We acknowledge some important limitations to this study, which fall into the clinical and technical domains. First, from a clinical perspective, this study used fictional case scenarios, rather than real clinical cases. While this may limit generalizability and external validation, it is arguably better to perform LLM evaluation on a well-curated set of varied case scenarios, rather than a sample from a general population that would be less likely to feature uncommon or complex cases [19]. This is analogous to the assessment of junior clinicians, where ability would be assessed using a purposefully designed set of cases, rather than a general sample of common cases [20,21]. Future direction includes testing model robustness against retrospective and prospective real-world clinical cases.

A second clinical limitation is the use of the CCI as a tool to estimate 10-year life expectancy. Although the CCI is recommended in the EAU guidelines as a means of estimating life expectancy, it was created in 1987 and has certain limitations in modern practice, such as an incomplete list of comorbidities, assumptions that the effect of comorbidities is additive, and potentially lengthier disease prognoses with modern medical management [22,23]. While comorbidity burden and a patient’s remaining healthy lifespan are key determinants of benefit from any form of screening test, current scoring tools may not adequately capture the nuances of clinical practice and patient assessment and indeed rely on cohort measures of central tendency to estimate life expectancy. We thus envision that such clinical decision support tools would assist clinicians as copilots, maintaining a human-in-the-loop approach rather than functioning as autonomous decision-makers. Additionally, the tool design is modular and separates CCI determination and case analysis into sequential steps, allowing substitution of an alternative comorbidity calculator or omission of this step altogether at the clinician’s discretion.

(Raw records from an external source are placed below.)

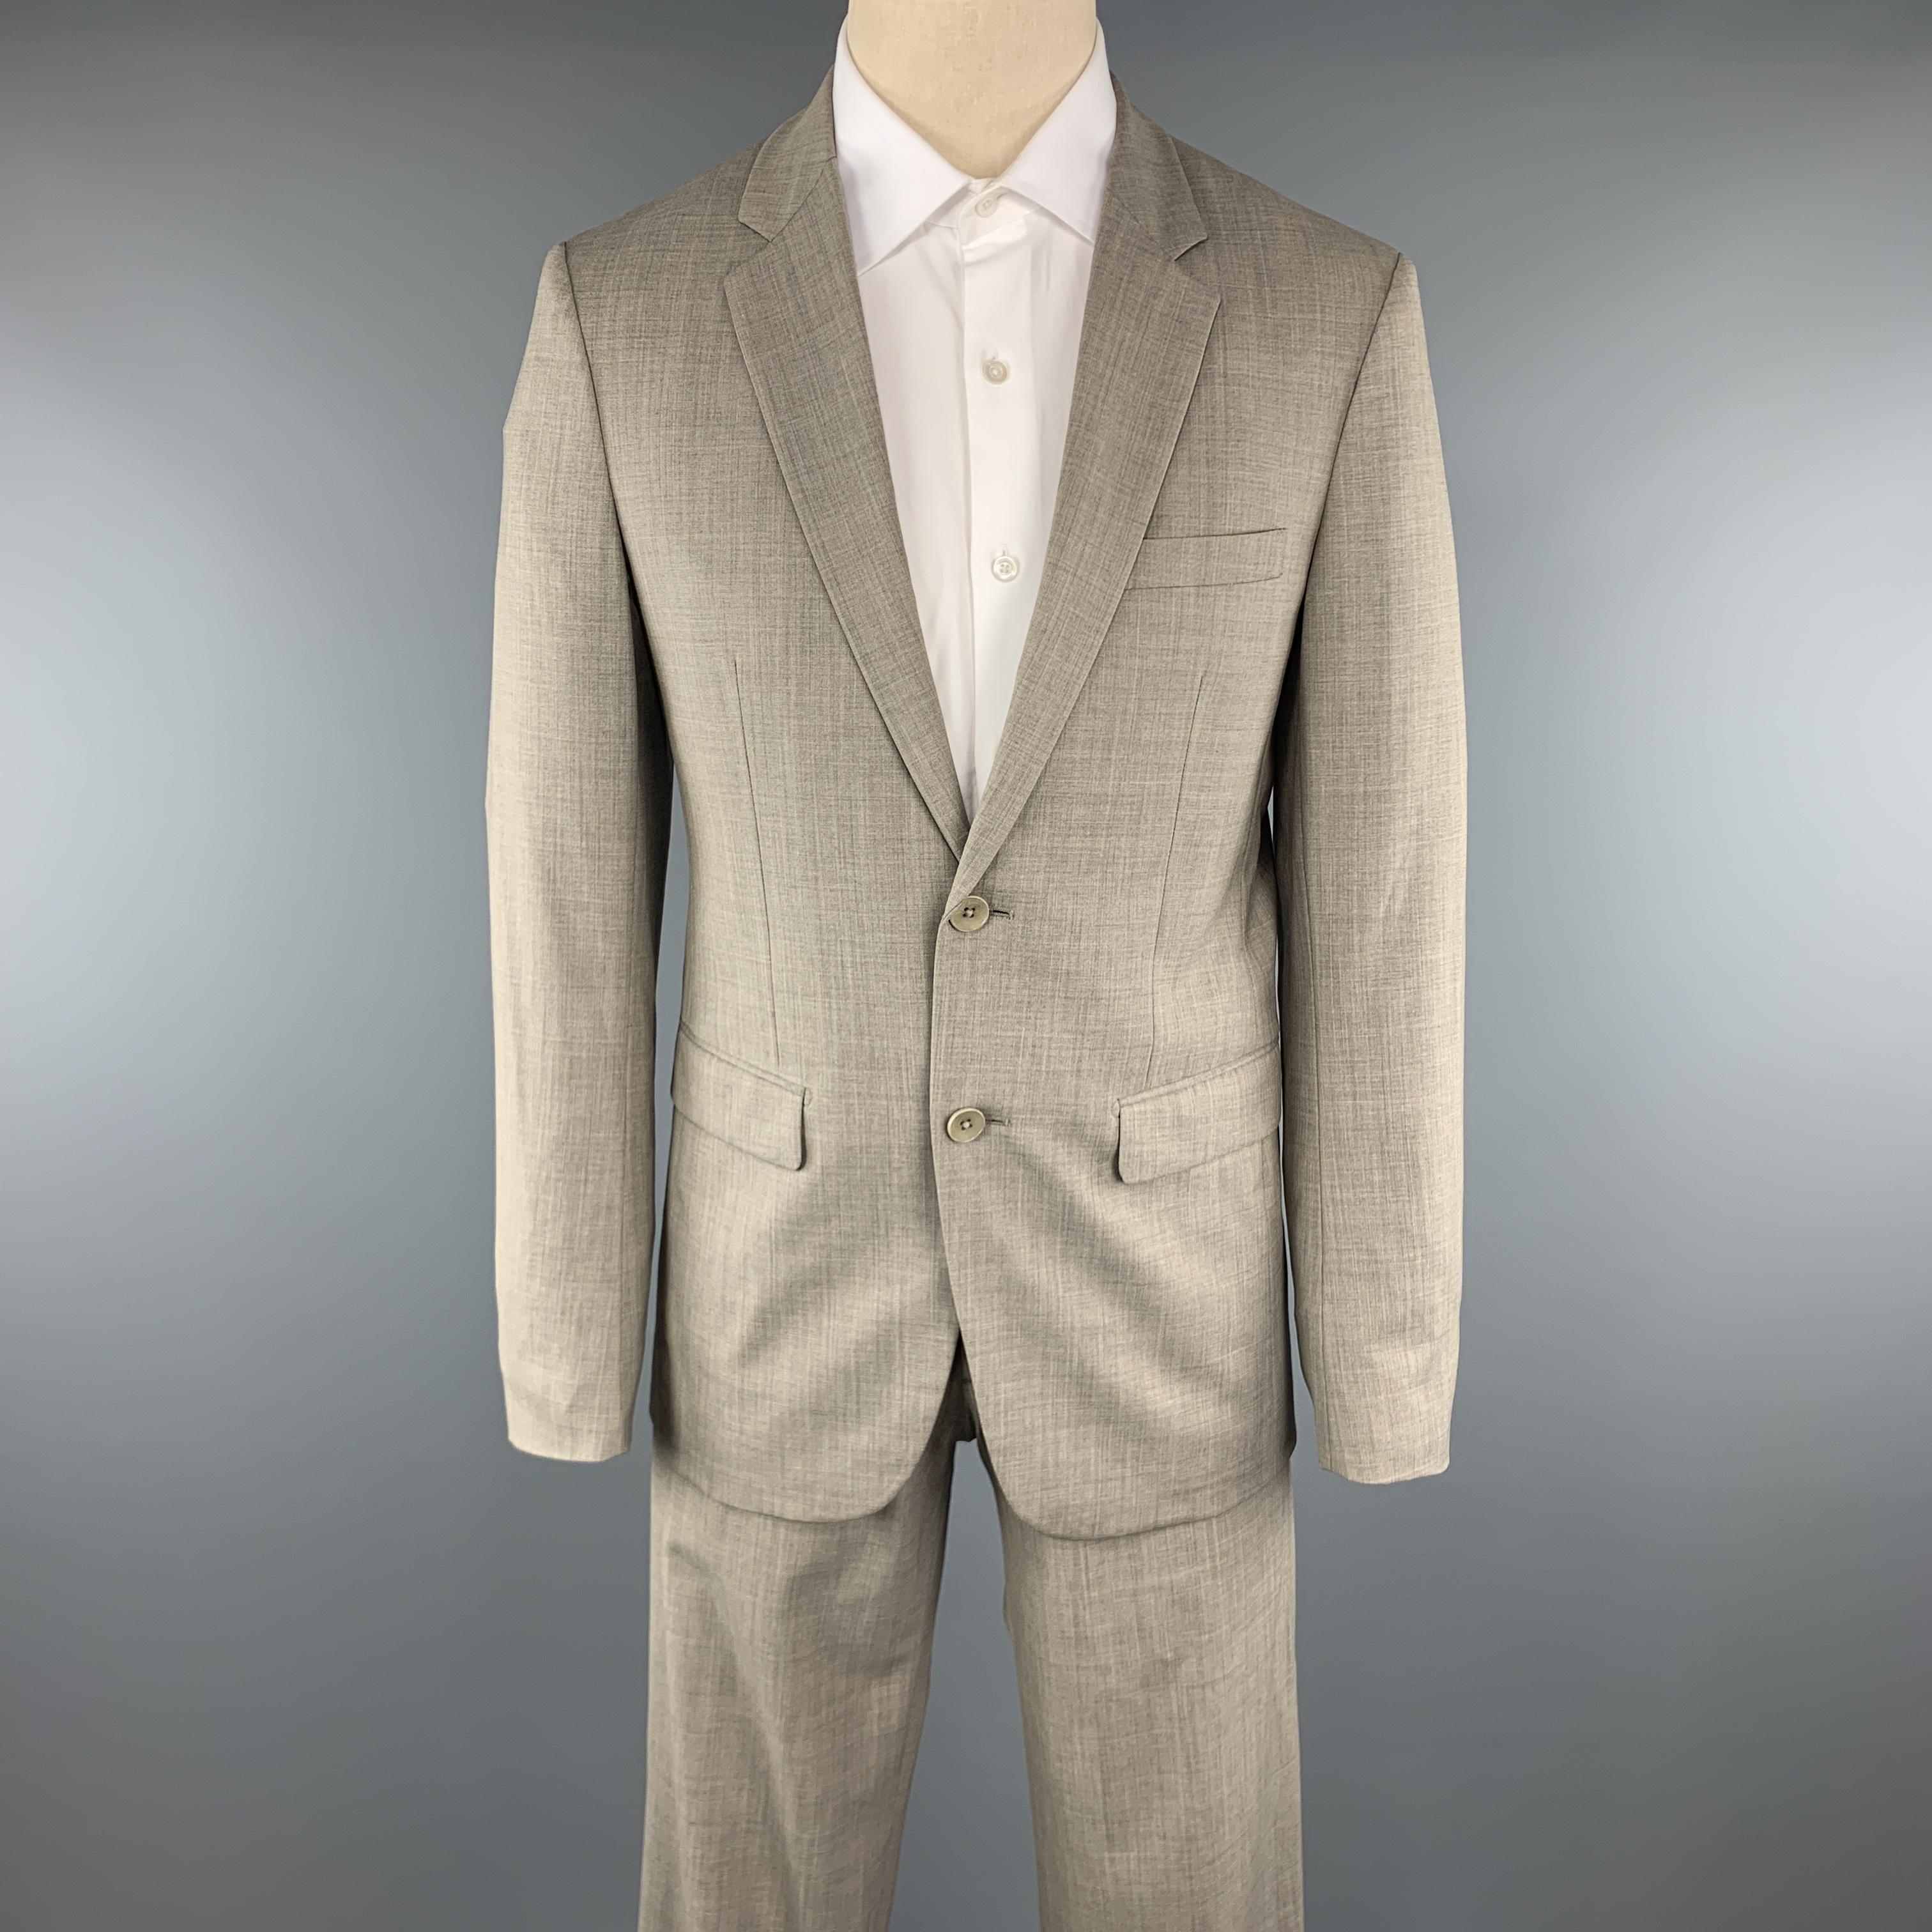 THEORY Suit comes in a gray wool and includes a single breasted, two button sport coat with a notch lapel and matching front trousers. 

Excellent Pre-Owned Condition.
Marked: 38

Measurements:

-Jacket
Shoulder: 17.5 in.
Chest: 38 in. 
Sleeve: 26

Third, from a technical perspective, although supplementing LLMs with RAG has been shown to reduce rates of AI hallucinations [18,24], these models are not entirely immune to hallucination. Our RAG-LLM tool provided incorrect recommendations in 1 scenario due to hallucination or faulty reasoning, but erred in a conservative direction, avoiding harms arising from a missed prostate cancer diagnosis. The source of error suggests that current textual documents may require a degree of unwritten human inference, which is not an intrinsic ability that LLMs possess. Identification of these problematic areas in text data and explicit definition of terms may improve reasoning and performance of LLM-based tools. The “black box” nature of many AI or AI-assisted tools [25,26] may present difficulties in pinpointing errors in internal reasoning processes, but use of techniques such as prompt engineering and self-reflective RAG models may help to enhance the accuracy of these models [27]. Variability in performance across different LLMs also needs to be taken into account and balanced against the cost of each model.

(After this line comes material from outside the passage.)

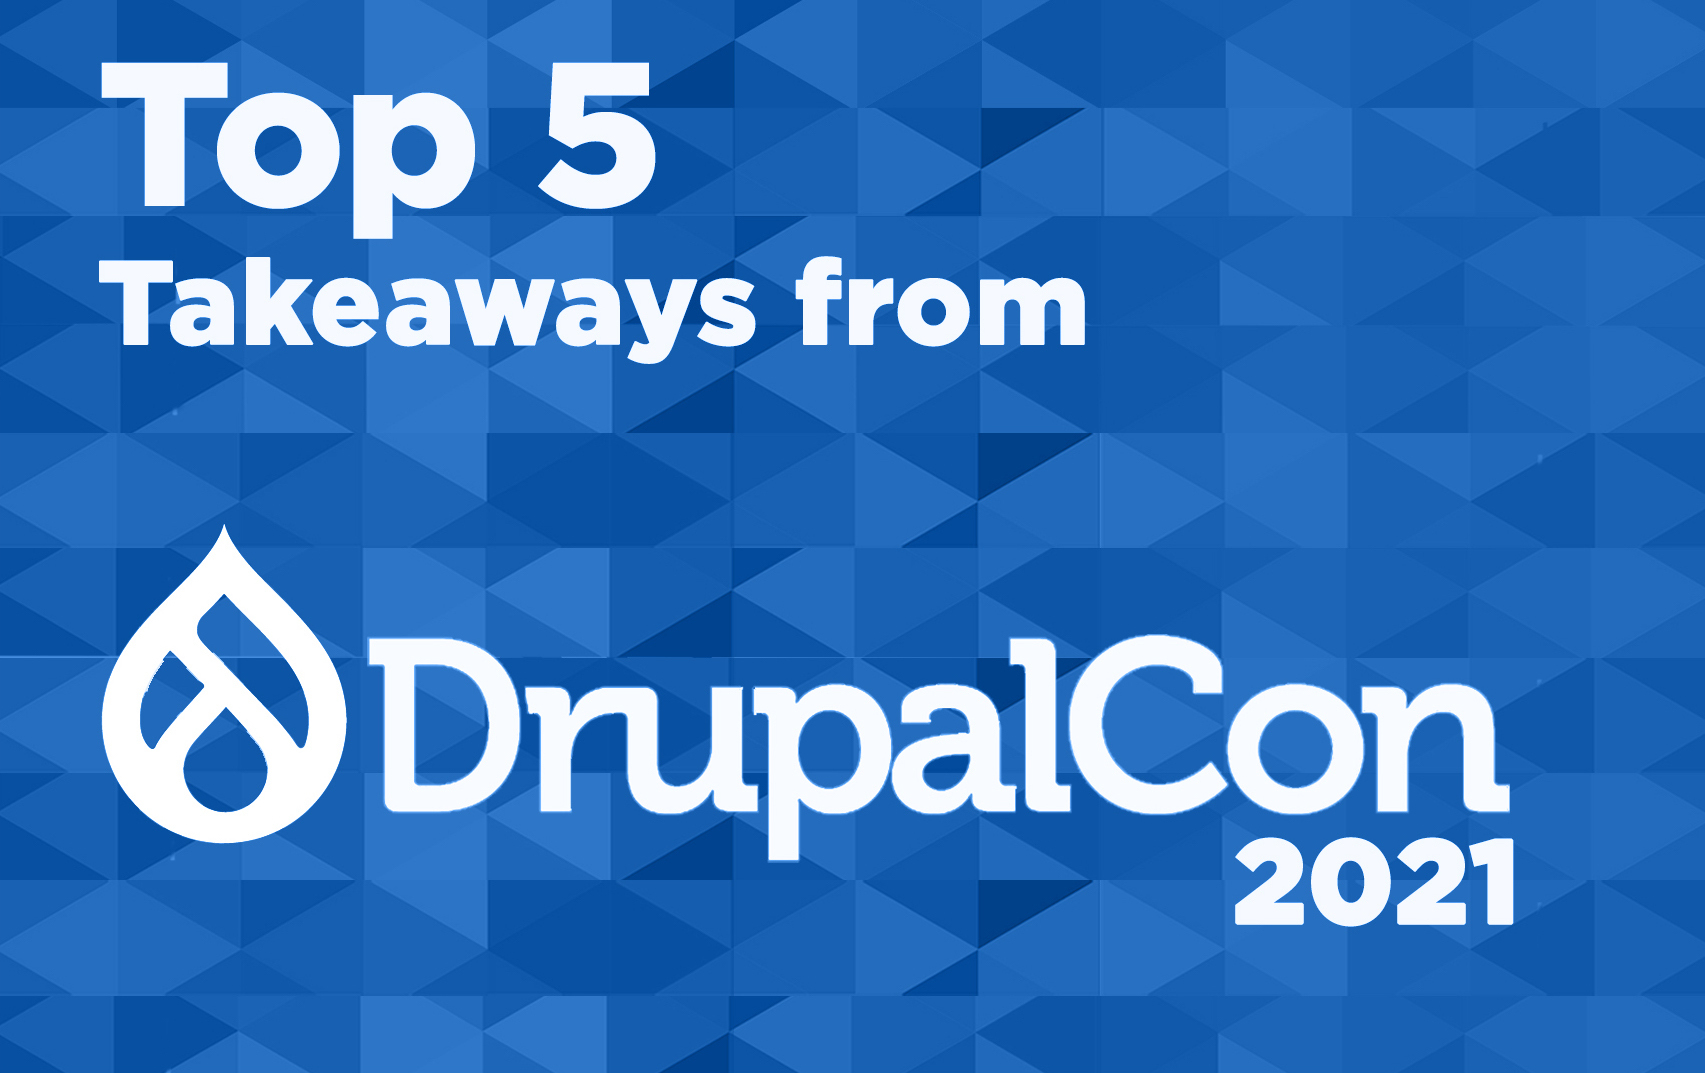 DrupalCon-2021-highlights-and-key-takeaways

Despite these limitations, RAG-LLM tools retain potential for multiple applications in health care. On the basis of the same system for clinical decision support for guideline-based recommendations, it can also be used retrospectively as an auditing tool to identify areas of guideline discordance in clinical practice [28]. Furthermore, the RAG approach allows future guideline documents to be incorporated much more easily than a fine-tuning or pretraining approach, keeping the tool up-to-date and preventing obsolescence [29]. Prospective real-world model validation based on clinical data, multimodel evaluation, implementation of explainability methods, and expansion of such RAG-LLM pipelines beyond PSA testing to other areas in urology are potential areas for further research.

In this simulation-based comparative evaluation, we developed a RAG-LLM tool to provide clinical decision support on PSA testing. The tool demonstrated high accuracy, outperforming junior clinicians in making efficient and guideline-concordant decisions. The use of such tools can help increase guideline adherence, improve patient care, and optimize the use of health care resources.